Instructions for the task »
Please write out all the data that follows exactly, without the pictures.

Dataset content »
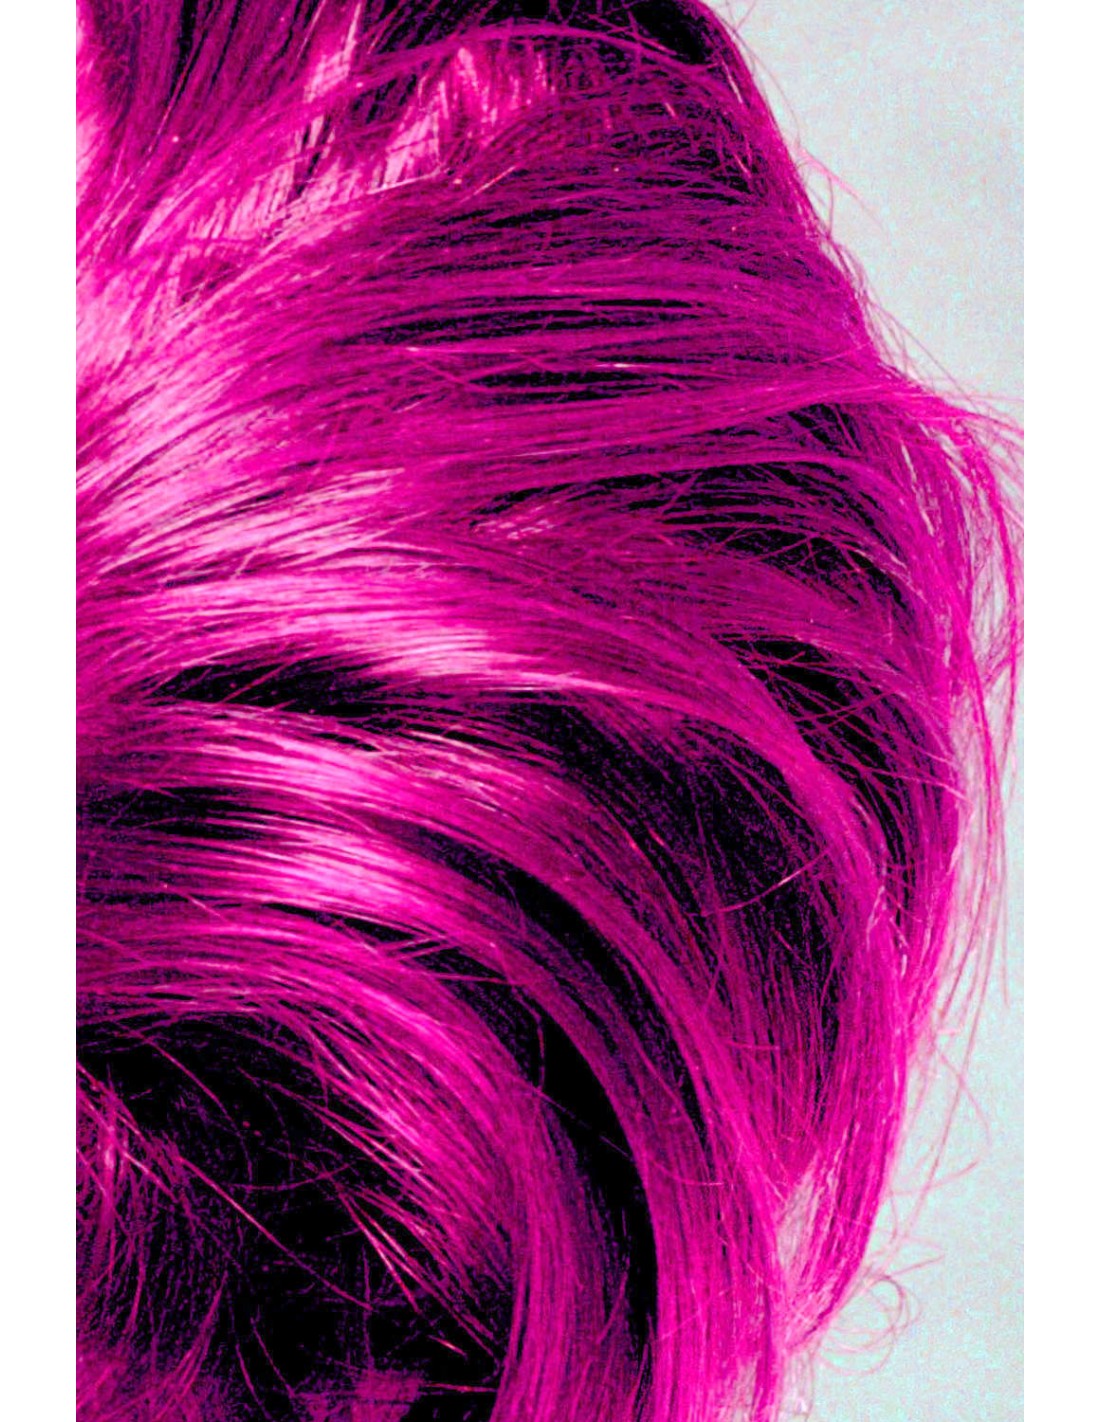 Manic Panic Hair Dye - Hot Hot Pink - Classic Cream Formula
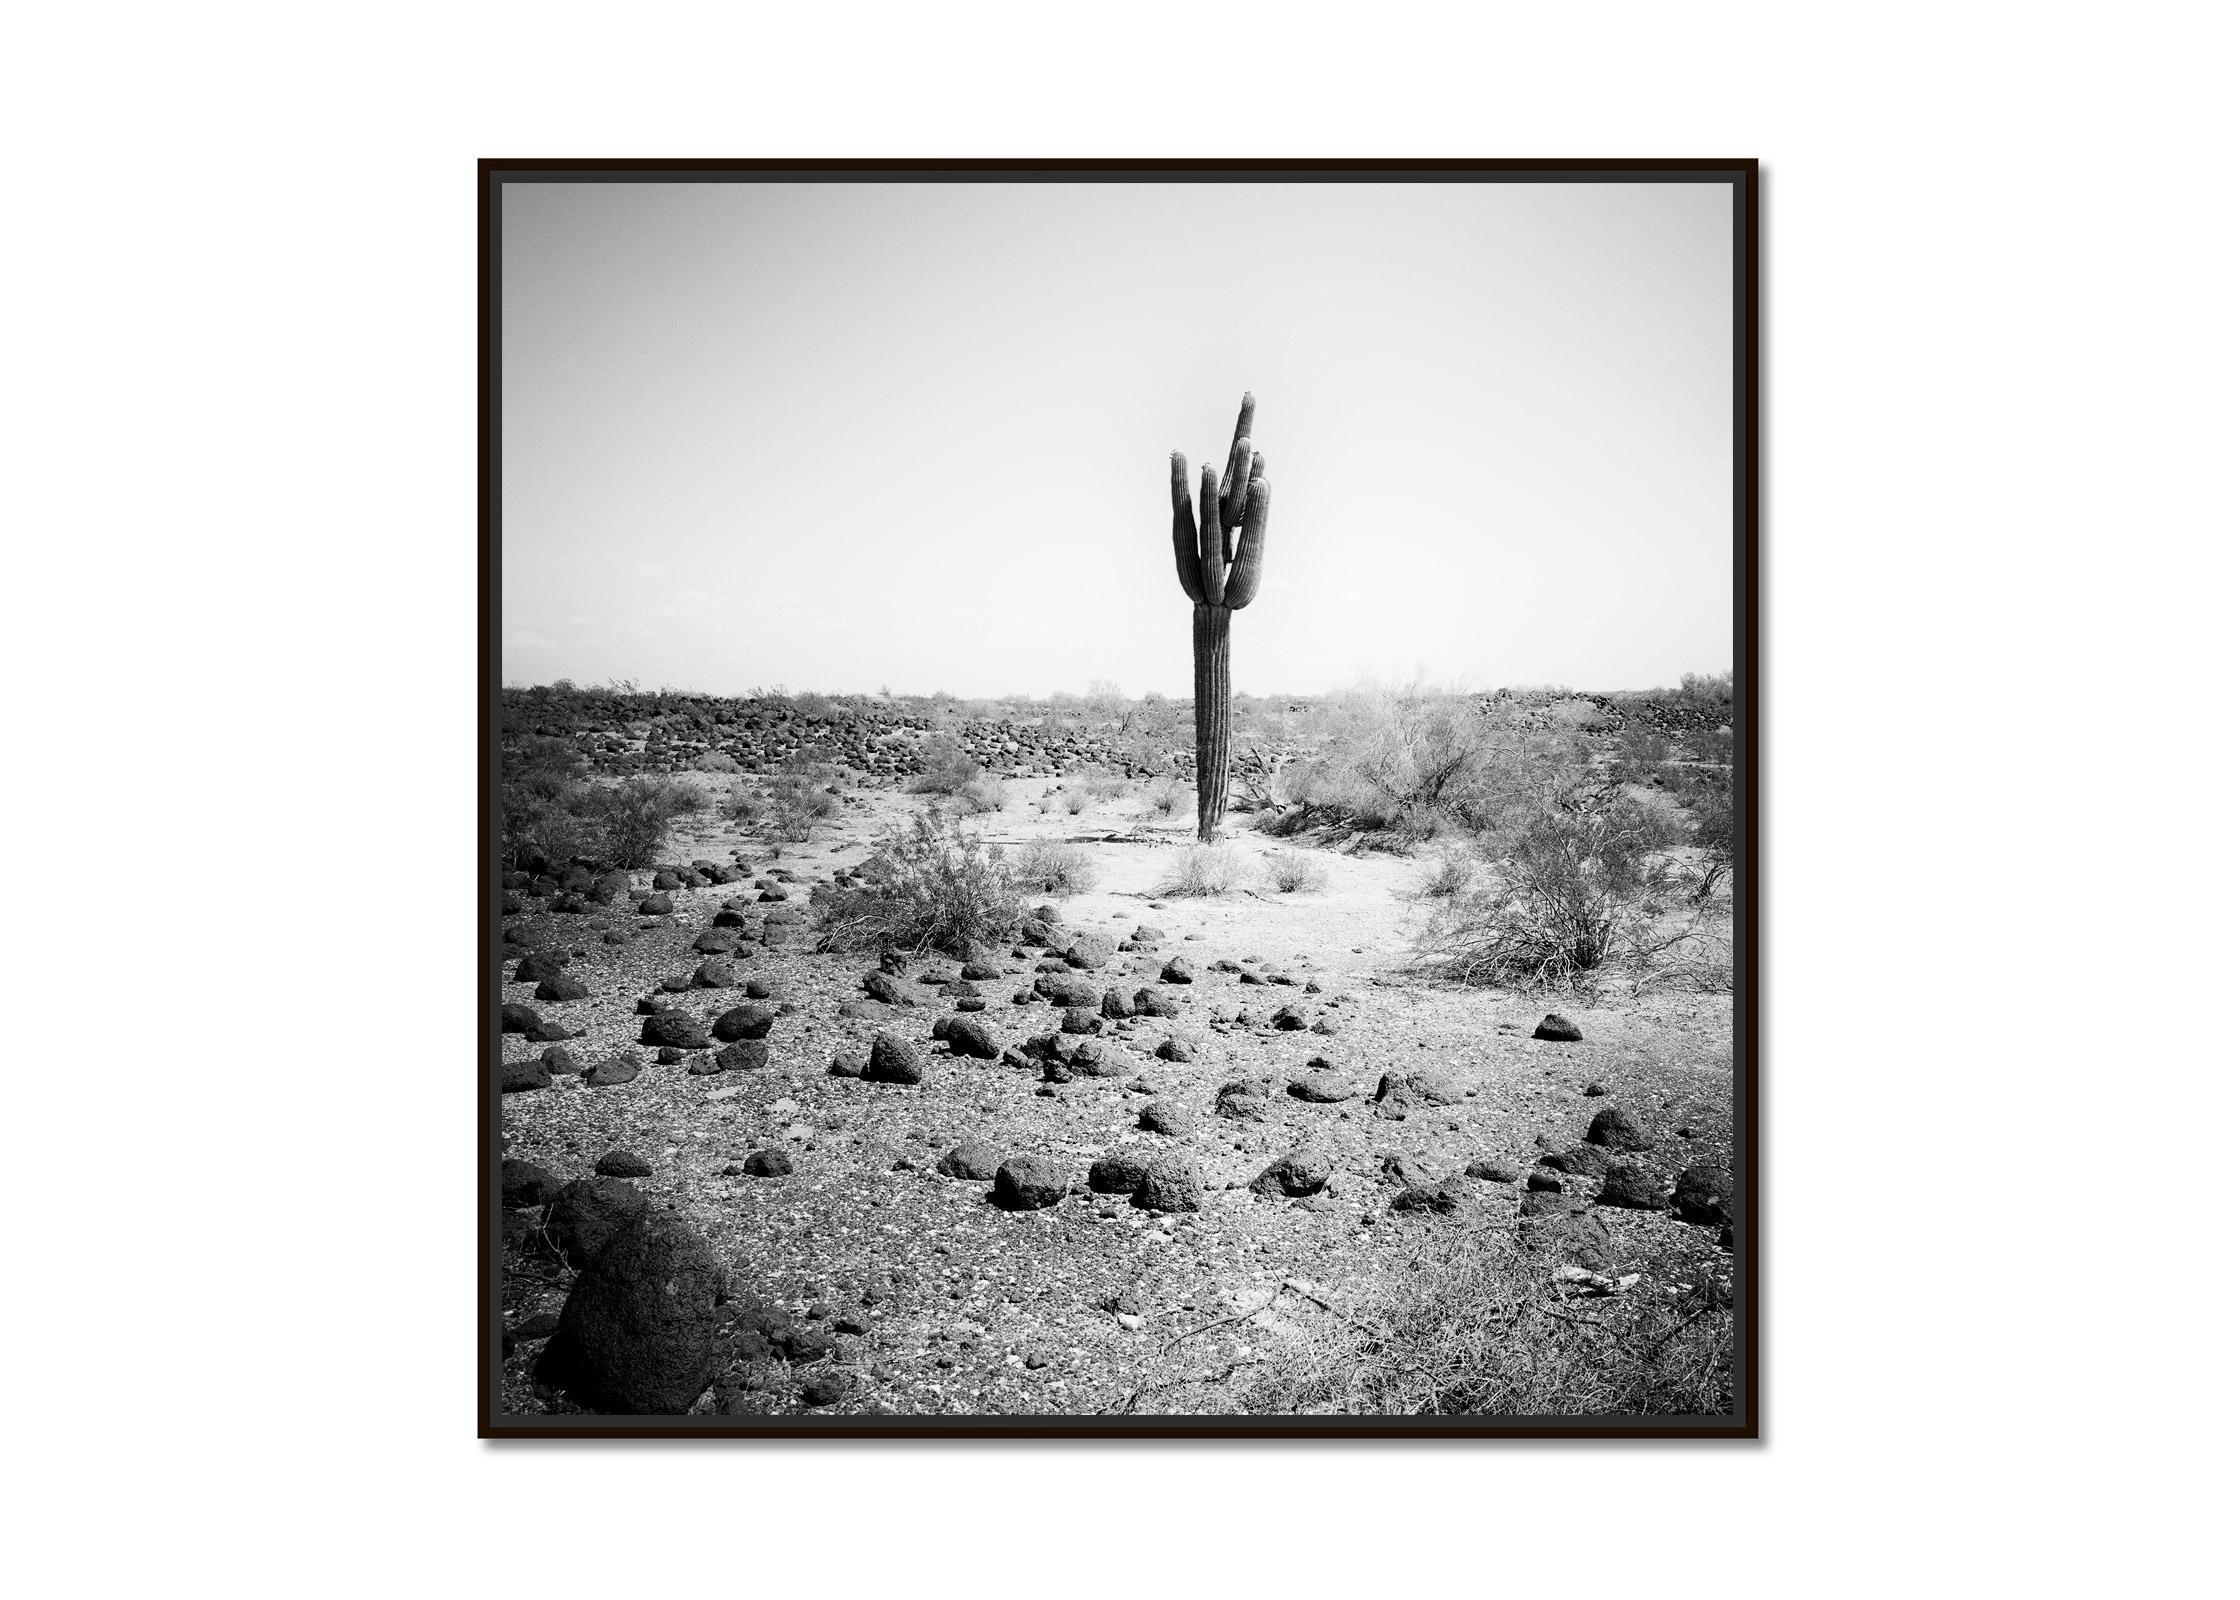 The last One Cactus Desert Arizona USA black & white landscape art photography - Photograph by Gerald Berghammer
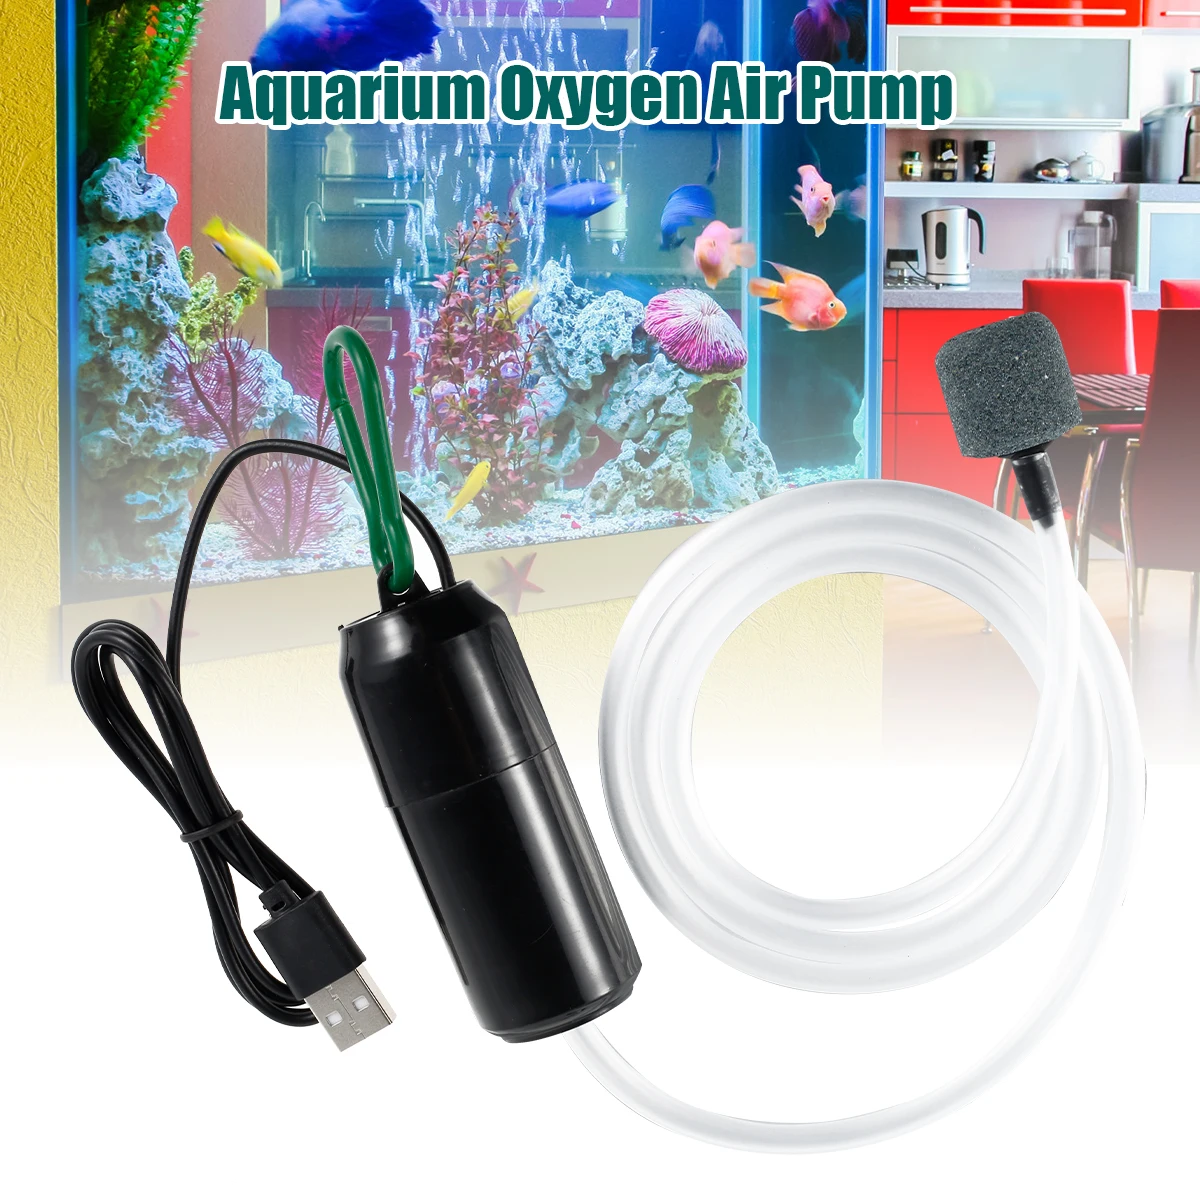 

USB Powered Oxygen Pump 5V 1W Portable Mini Aquarium Fish Tank Air Pump Oxygen Bubbler with Air Stone
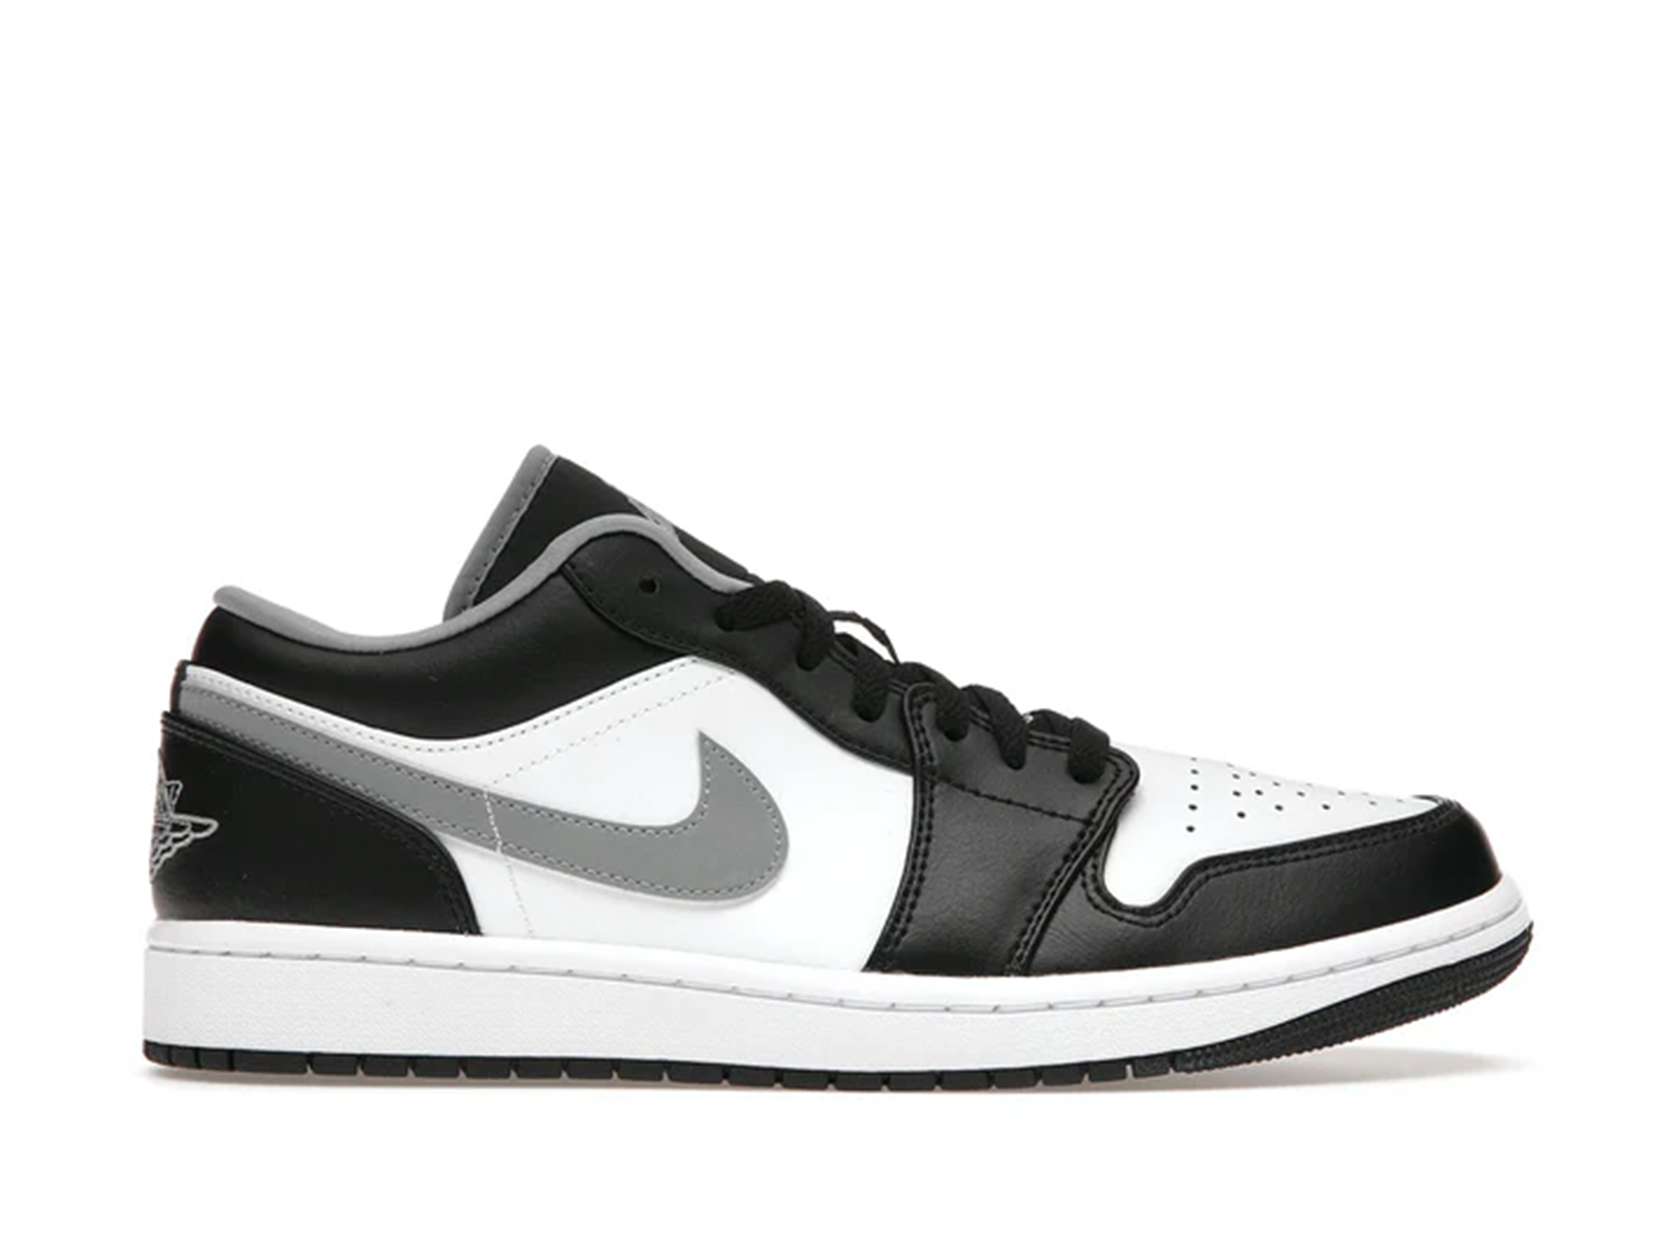 Nike Air Jordan 1 Low Black White Grey – Double Boxed

Task output »
 Manic Panic Hair Dye - Hot Hot Pink - Classic Cream Formula
 The last One Cactus Desert Arizona USA black & white landscape art photography - Photograph by Gerald Berghammer

USB Powered Oxygen Pump 5V 1W Portable Mini Aquarium Fish Tank Air Pump Oxygen Bubbler with Air Stone
 Nike Air Jordan 1 Low Black White Grey – Double Boxed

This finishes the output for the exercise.